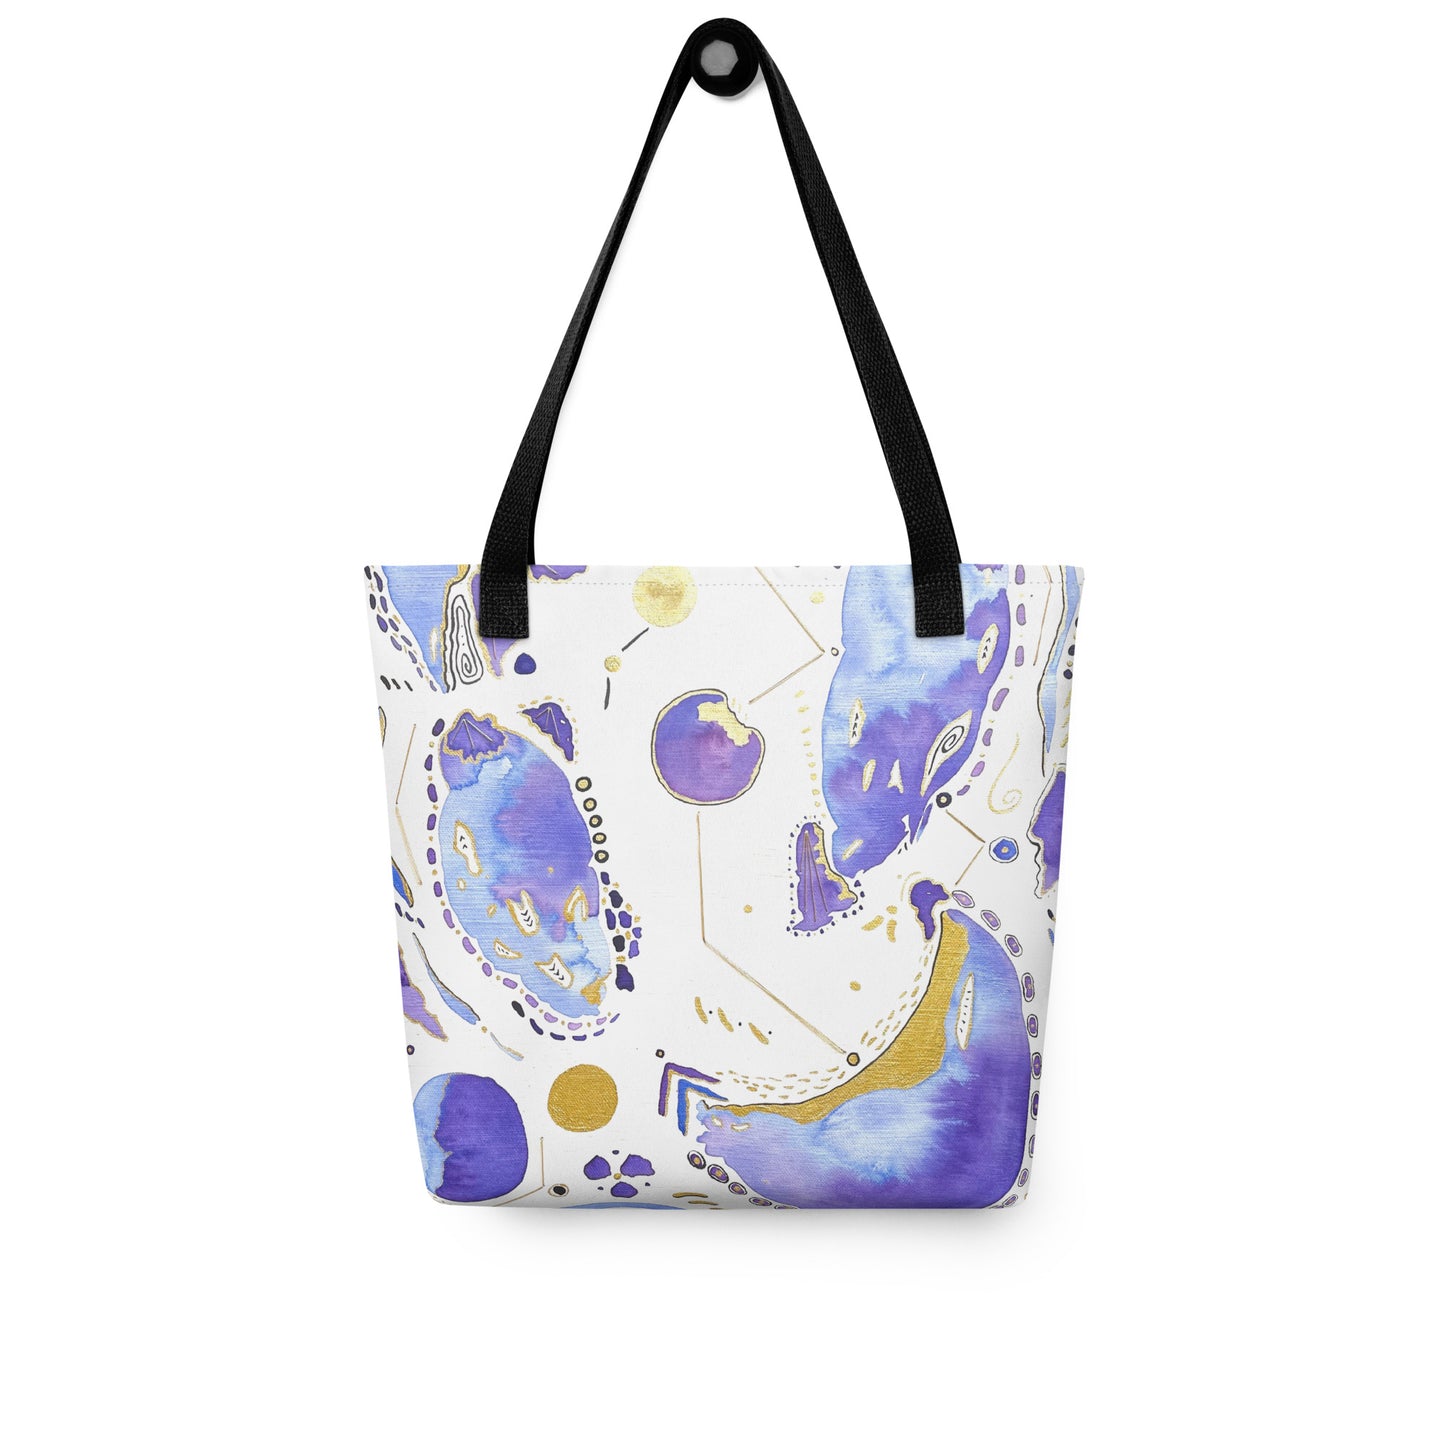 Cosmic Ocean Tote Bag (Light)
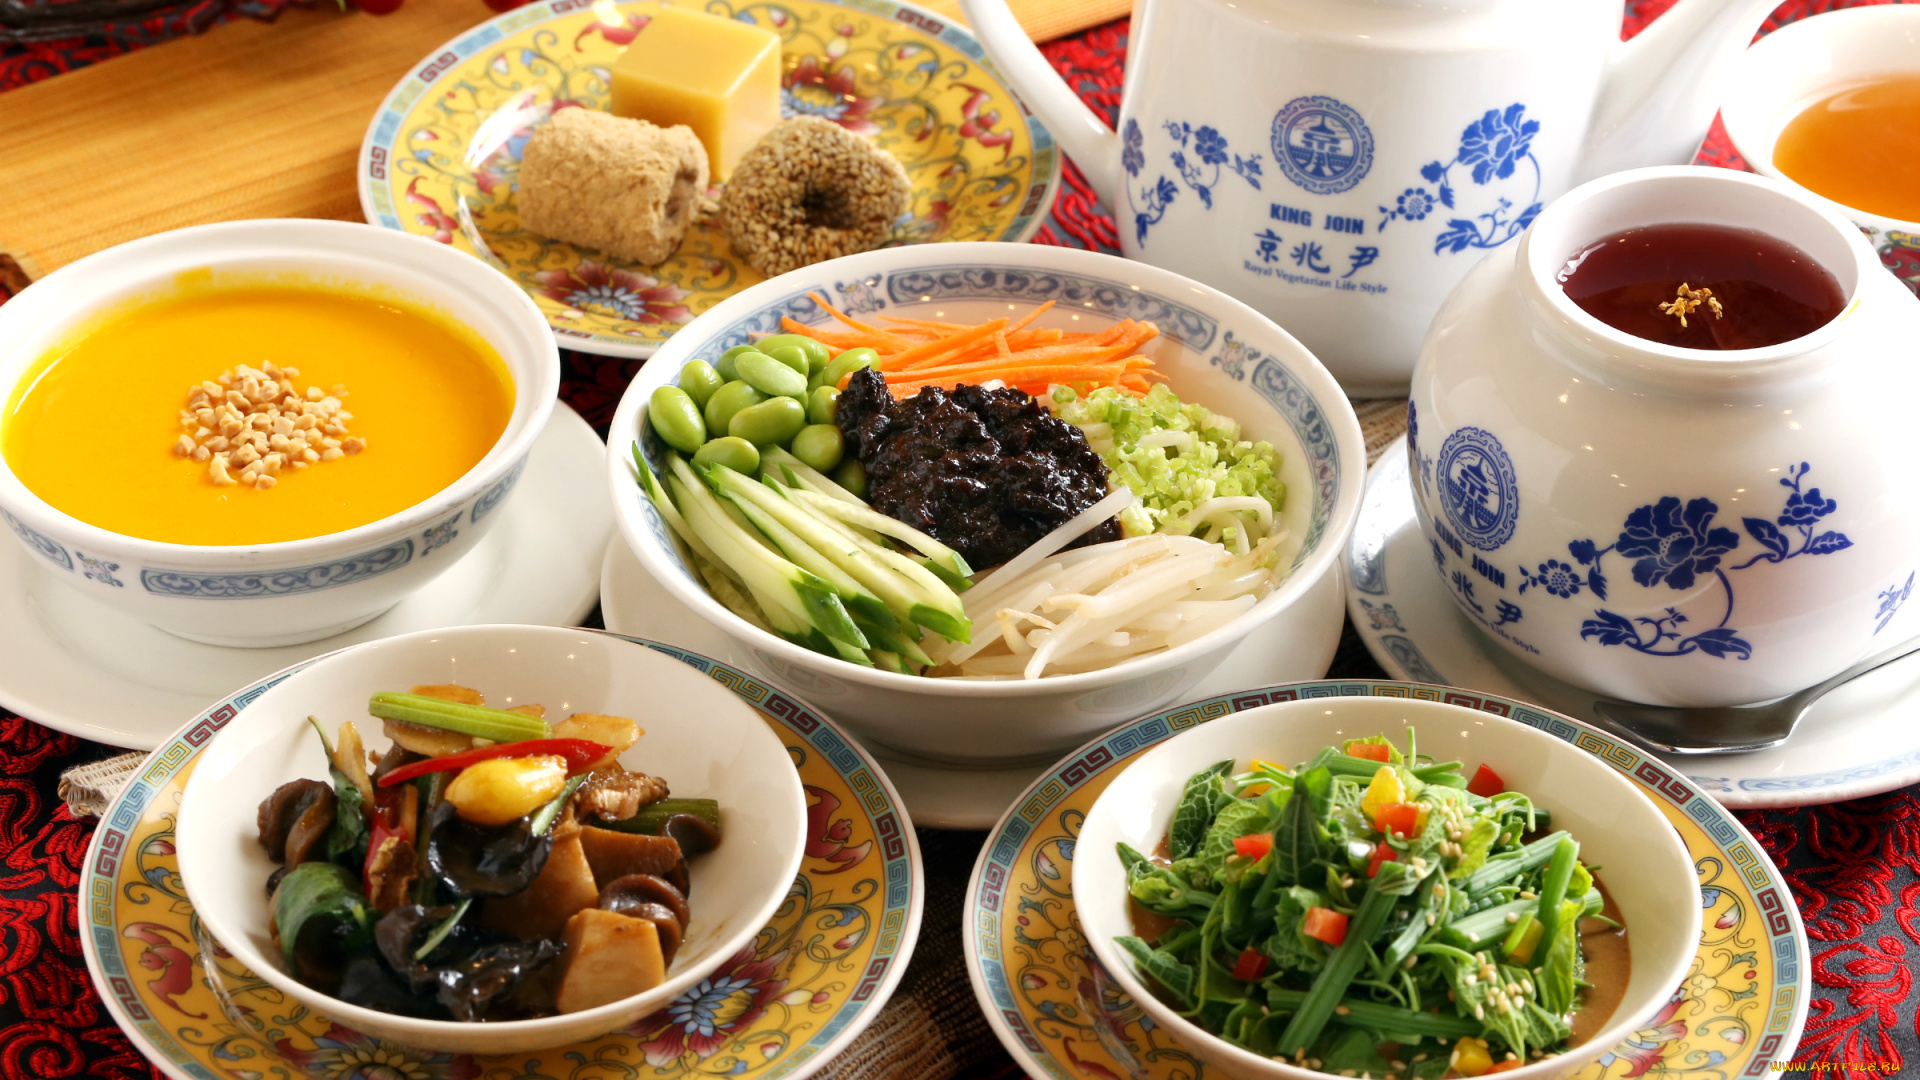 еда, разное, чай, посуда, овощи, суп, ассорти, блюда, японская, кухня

--

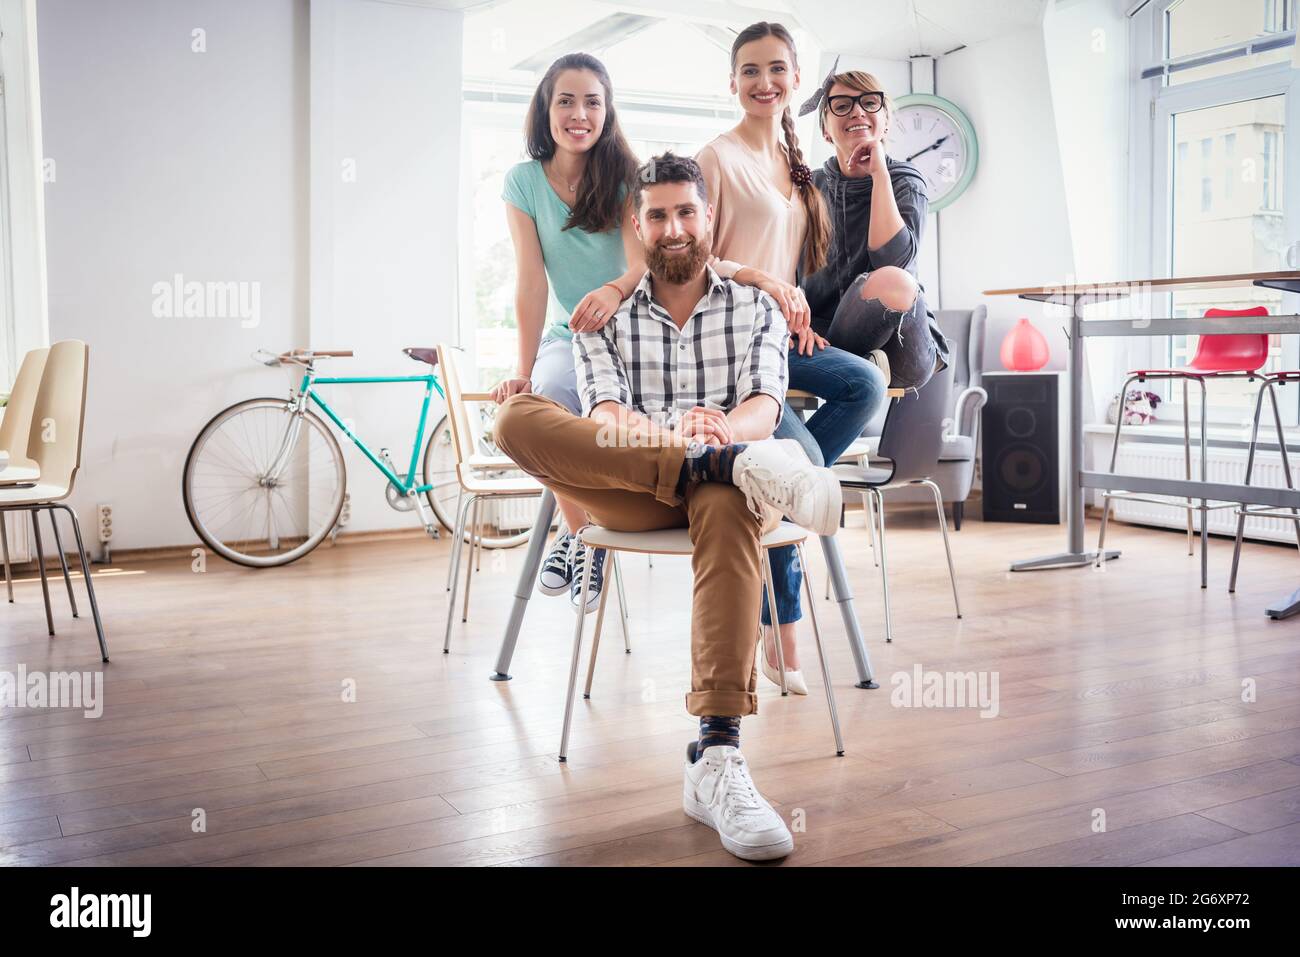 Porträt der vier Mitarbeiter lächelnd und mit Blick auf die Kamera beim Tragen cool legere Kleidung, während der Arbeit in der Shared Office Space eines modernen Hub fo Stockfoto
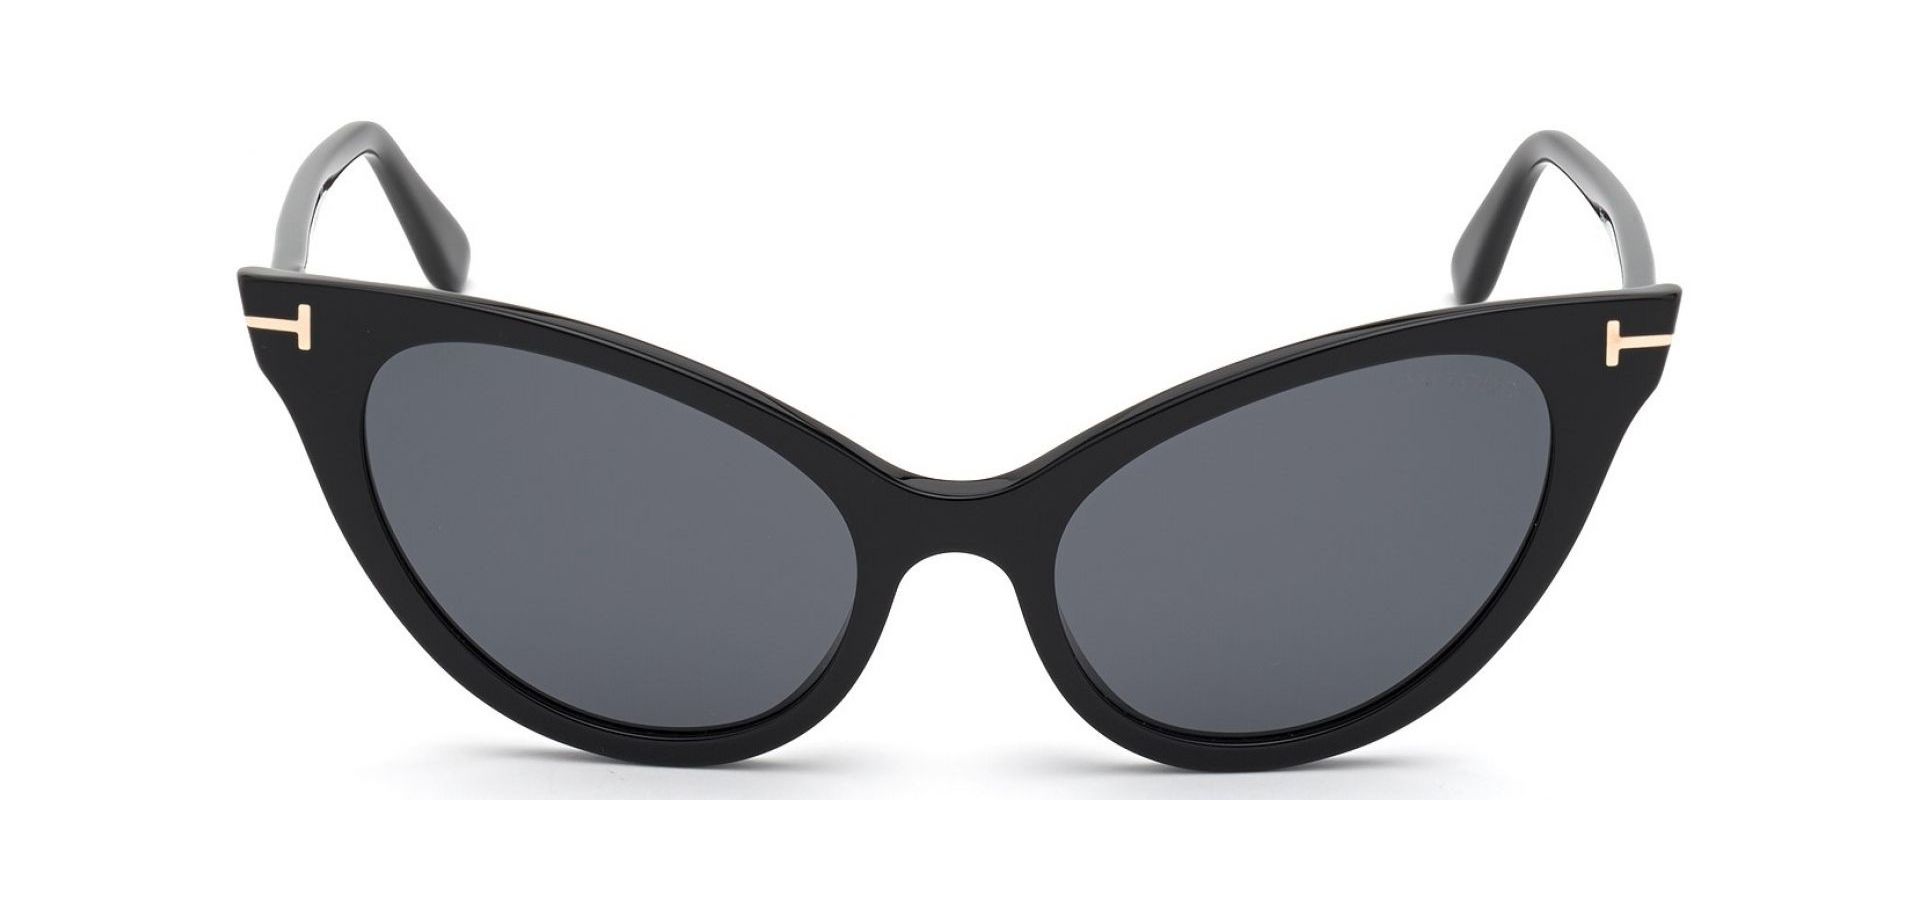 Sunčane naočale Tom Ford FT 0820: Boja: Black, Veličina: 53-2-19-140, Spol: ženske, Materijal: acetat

» PROBLEM
Although the records above contain pictures, the copy must not; set down exactly the lines from the one with "Cosmic Ocean Tote Bag (Light)" up to and including the one with "блюда, японская, кухня".

» ANSWER TO THE PROBLEM
 Cosmic Ocean Tote Bag (Light)
 еда, разное, чай, посуда, овощи, суп, ассорти, блюда, японская, кухня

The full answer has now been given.